A family car has a mass of 1400 kg. In an accident it hits a wall and goes from a speed of 27 m/s to a standstill in 1.5 seconds. By how much would the force have been reduced if the car had had a crumple zone that increased the collision time to 2.2 seconds? Give your answer to the nearest whole number.

The impulse exerted on the car during the crash is equal to the product of the force exerted and the duration of the collision, and it is also equal to the change in momentum of the car. So we can write:

[tex]F\Delta t = m\Delta v[/tex]

where:

F is the force exerted on the car

[tex]\Delta t[/tex] is the duration of the collision

m = 1400 kg is the mass of the car

[tex]\Delta v=-27 m/s[/tex] is the change in velocity of the car

We can re-write the equation as

[tex]F=\frac{m\Delta v}{\Delta t}[/tex]

In the 1st collision, the time is 1.5 seconds, so the force is

[tex]F_1=\frac{(1400)(-27)}{1.5}=-25,200 N[/tex]

In the 2nd collision, the time is increased to 2.2 seconds, so the force is

[tex]F_2=\frac{(1400)(-27)}{2.2}=-17,182 N[/tex]
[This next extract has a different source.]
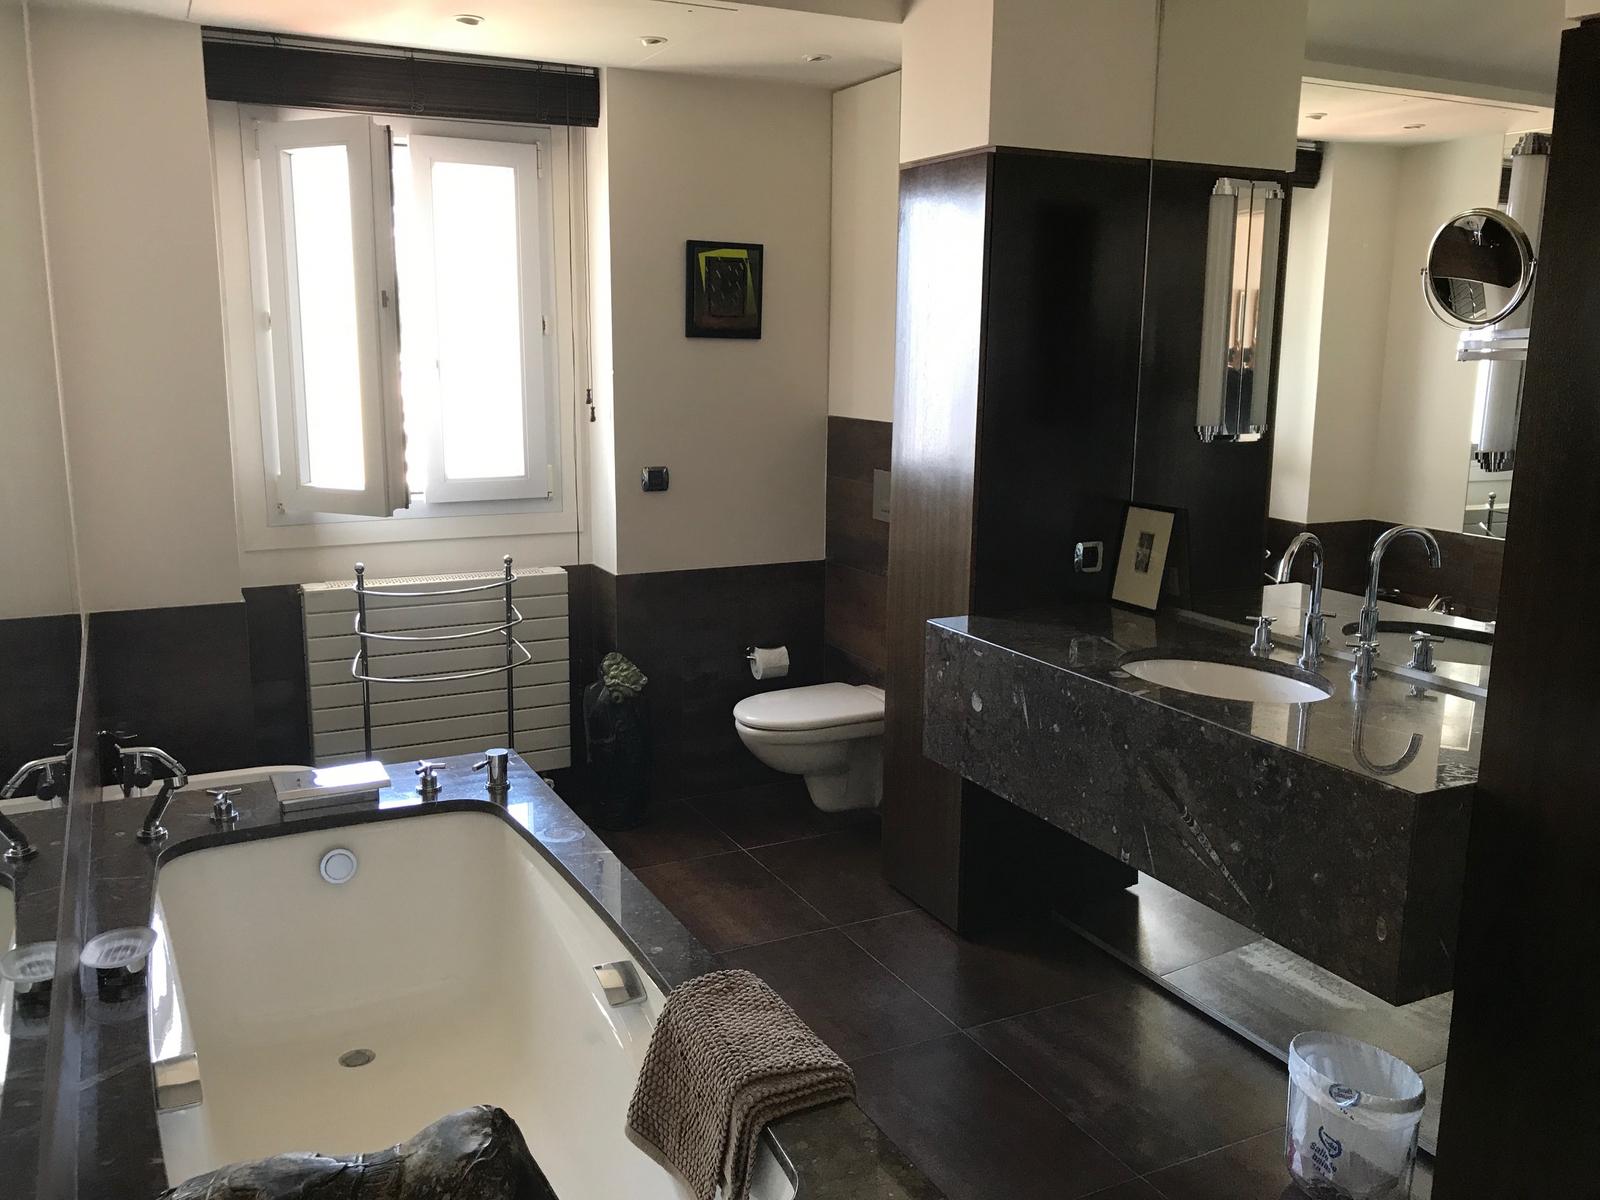 vente viager 4 pices 164 m 6450000 monaco 98. Black Bedroom Furniture Sets. Home Design Ideas

Therefore, the force has been reduced by:

[tex]F_2-F_1=-17,182-(-25,200)=8018 N[/tex]

boffeemadrid boffeemadrid · Answer 2 · 2021-11-22T10:00:08+01:00

The amount of force which is reduced is required.

The force would be reduced by 8018.18 N.

m = Mass of car = 1400 kg

u = Initial velocity = 27 m/s

v = Final velocity = 0 m/s

[tex]\Delta t_1[/tex] = Initial time = 1.5 s

[tex]\Delta t_2[/tex] = Final time = 2.2 s

Force is given by

[tex]F=m\dfrac{v-u}{\Delta t}[/tex]

The difference in force will be

[tex]\Delta F=\left|m(v-u)\left(\dfrac{1}{\Delta t_1}-\dfrac{1}{\Delta t_2}\right)\right|\\\Rightarrow \Delta F=\left|1400(0-27)\left(\dfrac{1}{1.5}-\dfrac{1}{2.2}\right)\right|\\\Rightarrow \Delta F=8018.18\ \text{N}[/tex]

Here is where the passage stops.